# The Canadian Armed Forces Supplementary Order of Battle



## the patriot (6 Apr 2001)

Hello,

Just wondering if you had a list/or information regarding the CAF Supplementary Order of Battle.  I‘m curious as to how many regiments are no longer on the Order of Battle all together and their respective specialties (i.e. infantry, armour, etc...).

-the patriot-


----------



## the patriot (21 Jun 2001)

Oh great Obi-Wan Dorosh..... I beseeketh knowledge for my original query of thee!!!   

-the patriot-


----------



## Michael Dorosh (22 Jun 2001)

I don‘t even know if such a thing exists.  Check out the regimental listings on my website, however, under the Organization link, and see how many regiments we had in 1900, and how many there are today.  I need to update that section to show the complete history, but how many people have ever even heard of 

The Yorkton Regiment
The Assinniboia Regiment

etc.

Many existed only from the reorganizations of the early 1920s until the biggie in 1936.

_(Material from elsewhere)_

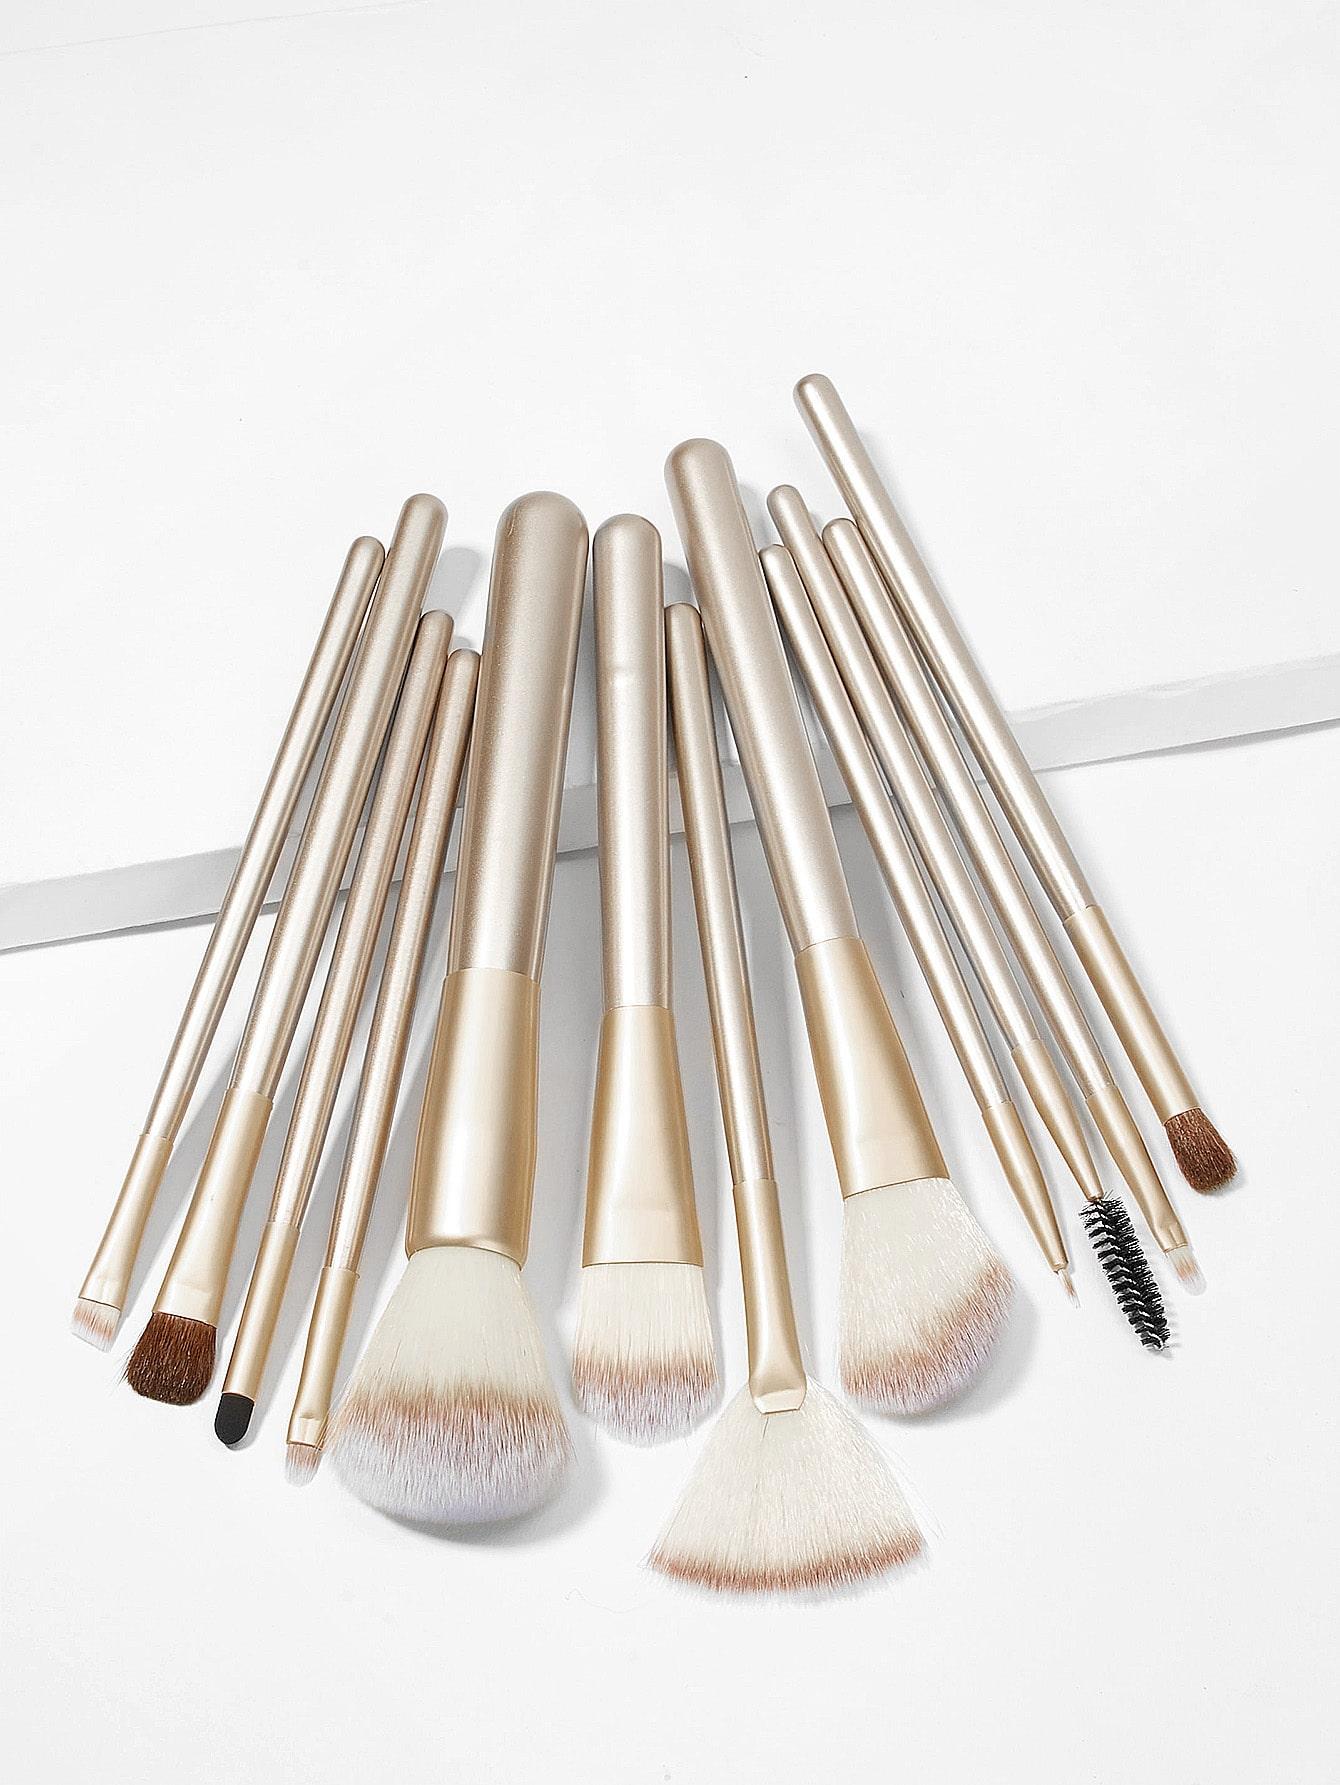 Купить Набор кистей для макияжа 12шт., null, SheIn

Others have fallen by the wayside since WW II - but usually amalgamations.  Some have been reduced to nil strength, but I have no idea how the supp orbat (if it exists) even works.

Too depressing to think about, really....


----------



## AJFitzpatrick (17 Mar 2006)

With regards to regiments on the supplementary order of battle; specifically the Victoria Rifles of Canada and the Halifax Rifles, are battle honours maintained by those regiments or are they transferable to other regiments? I know that disbanded regiments' (as opposed to amalgamations) battle honours have been transferred.

With regards to a SOB list; i tried to write one out once, it was a bit of a exercise in futility but if any one needs it I can send it along.


----------



## Michael Dorosh (17 Mar 2006)

I'd be interested - madorosh@shaw.ca


----------



## xFusilier (17 Mar 2006)

"Ducimus" - Regiments of Canadian Infanry whose authors name escapes me (and to be honest I probably buggered up the title as well) lists the regiments that form the RCIC supplementary order of battle.  Of the top of my head the Canadian Guards, The Perth Regiment and The Yukon Regiment are on it.  When I get home I'll get the authors name ISBN, and the actual list of regiments, unless of course somebody beats me to it.


----------